Add the following code

# From sklearn.neighbors._quad_tree
# Build the corresponding numpy dtype for Cell.
# This works by casting `dummy` to an array of Cell of length 1, which numpy
# can construct a `dtype`-object for. See https://stackoverflow.com/q/62448946
# for a more detailed explanation.
cdef Cell dummy;
CELL_DTYPE = np.asarray(<Cell[:1]>(&dummy)).dtype

assert CELL_DTYPE.itemsize == sizeof(Cell)

Then add

import numpy as np

to the imports at beginning of the file and change

from ..utils._random cimport our_rand_r

to

from ._random cimport our_rand_r

_classes.py

Change any references to from ..[sklearn library name] import ... to from sklearn.[sklearn library name] import ....

_export.py

Change any references to from ..[sklearn library name] import ... to from sklearn.[sklearn library name] import ...

3. Library tests subfolder

Finally, we port the unit tests from the scikit-learn project, so that as we make changes to the codebase, we can ensure the original tree code still works as intended.

Create a subfolder within _tree called tests and place the following files from scikit-learn:

  • __init__.py
  • test_export.py
  • test_reingold_tilford.py
  • test_tree.py

and change any imports that reference sklearn.tree to reference skltree.tree

4. setup.py file

We need to add the cython extension modules to the default setup.py included in the scikit-learn-contrib project.

libraries = []
if os.name == "posix":
    libraries.append("m")

cython_extensions = [
    Extension(name = "skltree.tree._tree", sources = ["skltree/tree/_tree.pyx"], include_dirs = [np.get_include()], libraries = libraries, language = "c++", extra_compile_args = ["-O3"]), 
    Extension(name = "skltree.tree._splitter", sources = ["skltree/tree/_splitter.pyx"], include_dirs = [np.get_include()], libraries = libraries, extra_compile_args = ["-O3"]), 
    Extension(name = "skltree.tree._criterion", sources = ["skltree/tree/_criterion.pyx"], include_dirs = [np.get_include()], libraries = libraries, extra_compile_args = ["-O3"]), 
    Extension(name = "skltree.tree._utils", sources = ["skltree/tree/_utils.pyx"], include_dirs = [np.get_include()], libraries = libraries, extra_compile_args = ["-O3"]),
    Extension(name = "skltree.tree._random", sources = ["skltree/tree/_random.pyx"], include_dirs = [np.get_include()], libraries = libraries, extra_compile_args = ["-O3"]), 
]

in the setup command, we add a line

ext_modules=cythonize(cython_extensions, compiler_directives={
    "language_level": 3,
    "boundscheck": False,
    "wraparound": False,
    "initializedcheck": False,
    "nonecheck": False,
    "cdivision": True,
}), 

and in the import lines, we add

import numpy as np
from setuptools.extension import Extension
from Cython.Build import cythonize

5. Example code

Finally, we need one or several minimal examples so that we can run the estimators after they have been built and made available as a package. To start, simply include scikit-learn/examples/tree/plot_regression_tree.py in this project as scikit-tree/examples/tree/plot_regression_tree.py and change the import statement to reference skltree.tree.

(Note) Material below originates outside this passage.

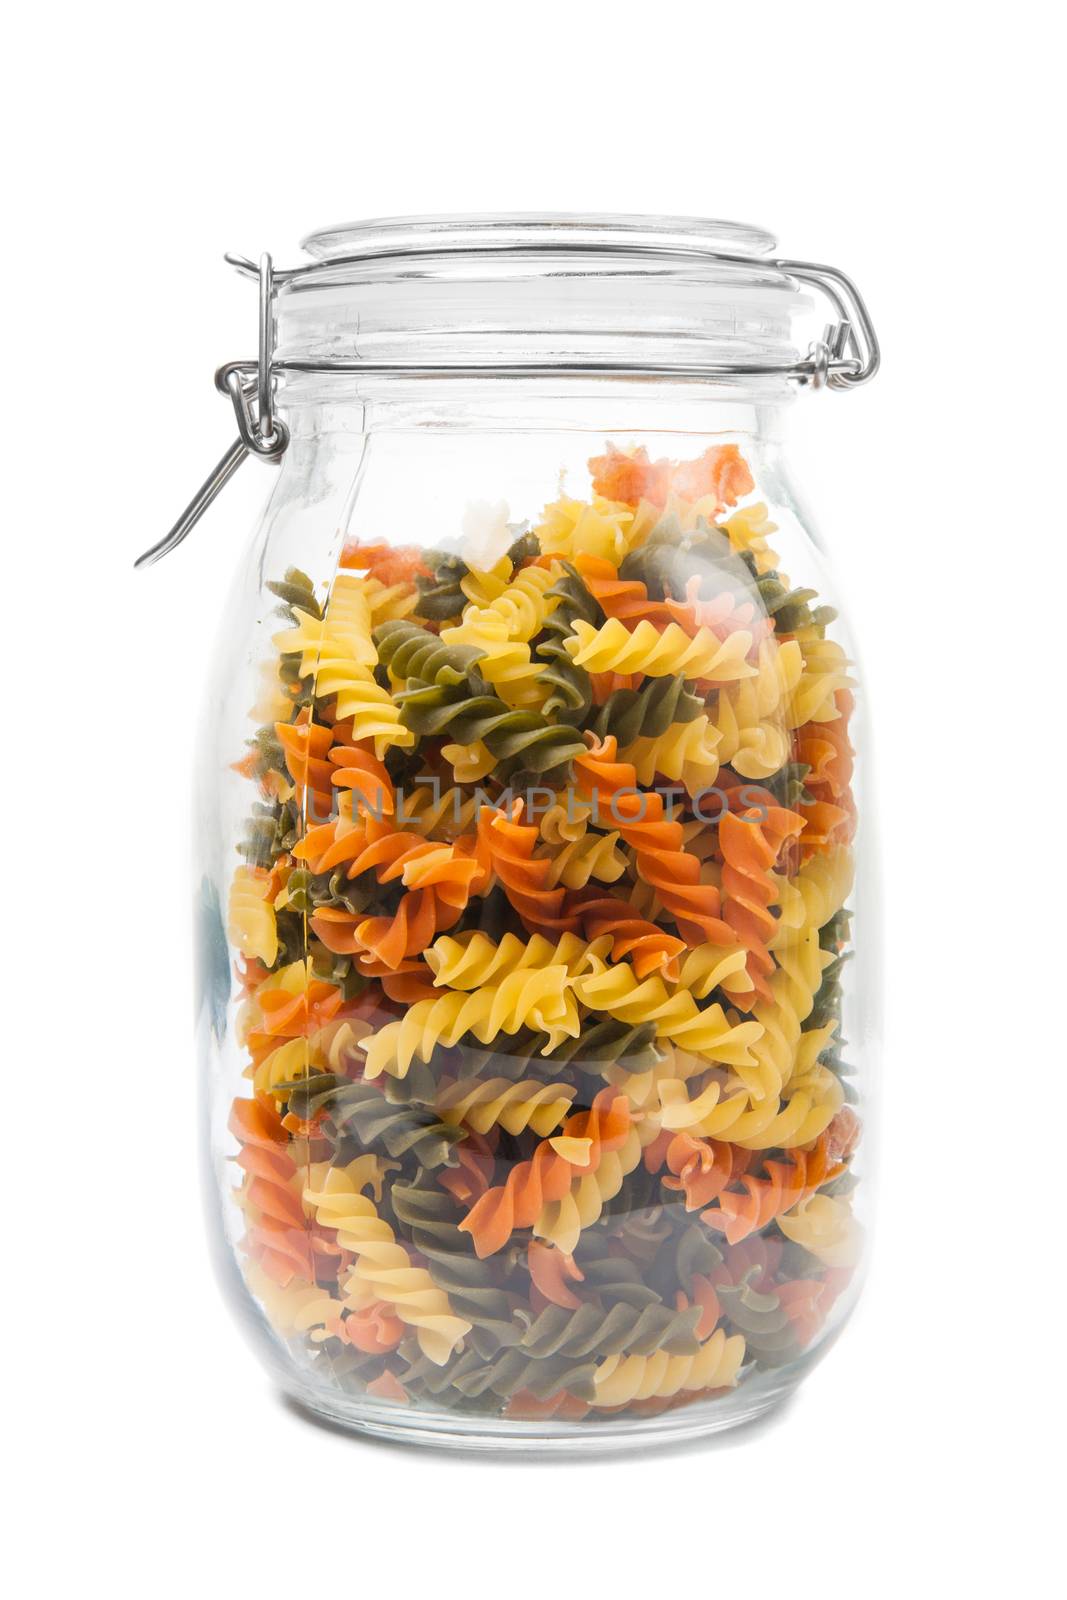 Pasta in a jar by TpaBMa
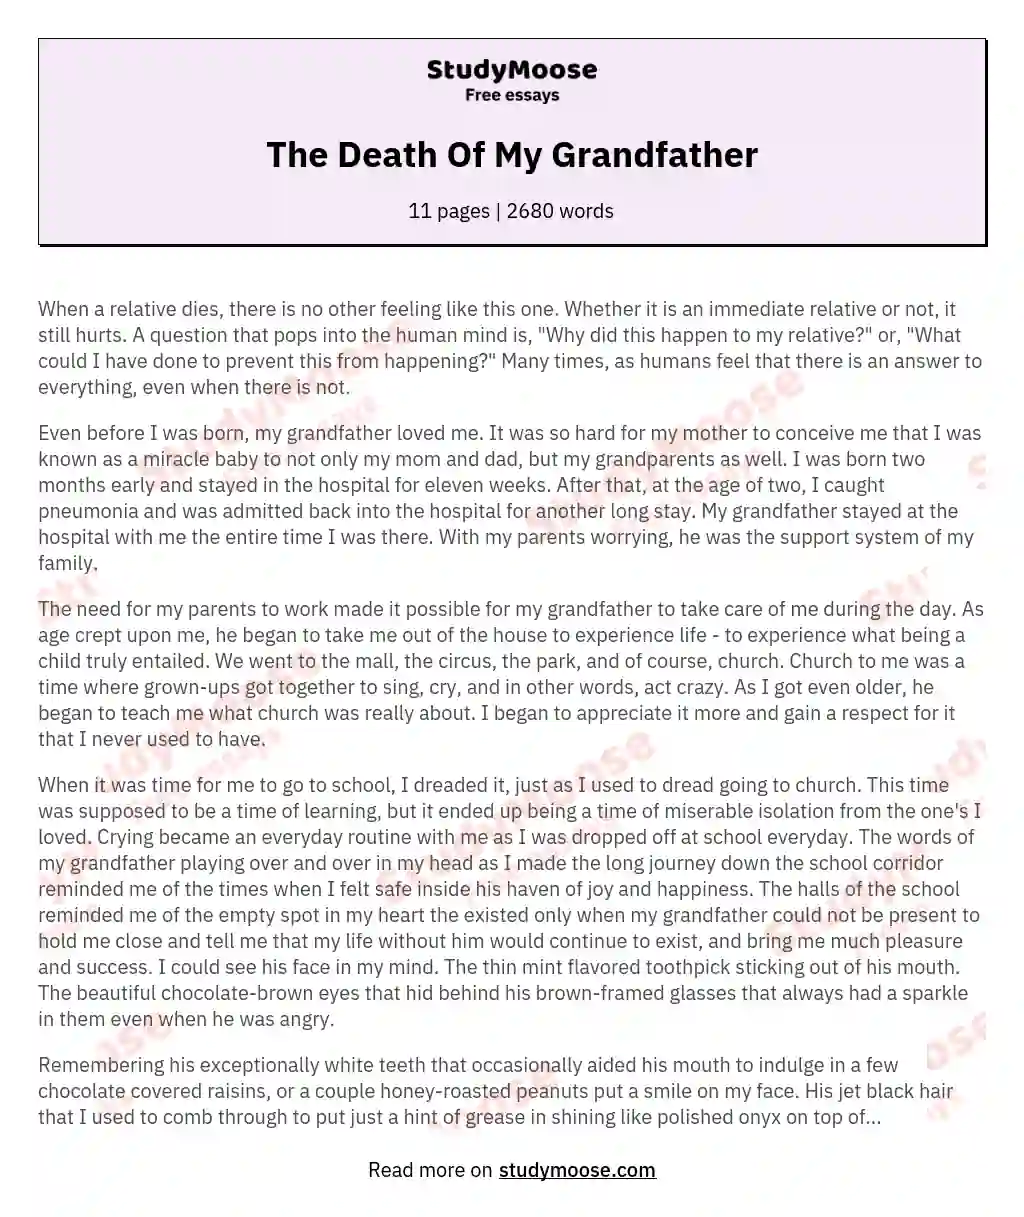 The Death Of My Grandfather

We will add some more minimal runner scripts later once the project has been built.

Building the project

First, we need to set up a python environment with necessary dependencies to build this code. Here, we largely mirror the scikit-learn developer guidelines. For mac and linux users, this can be done via conda with

conda create -n partition_env -c conda-forge python=3.10 \
    numpy scipy cython pytest matplotlib pandas scikit-learn \
    joblib threadpoolctl pytest compilers llvm-openmp

We activate the environment with

conda activate partition_env

And build the library by navigating to the local copy of the repo and installing the package locally via pip

cd ~/[path to folder]/scikit-tree
python setup.py clean
pip install --no-build-isolation -e .

This may take some time but if it completes successfully, we are ready for the next step by running the unveil_tree example. In the same terminal, run

python -m examples.tree.plot_regression_tree

Now, we have a fast, cython-backed codebase that we can use to implement various tree algorithms!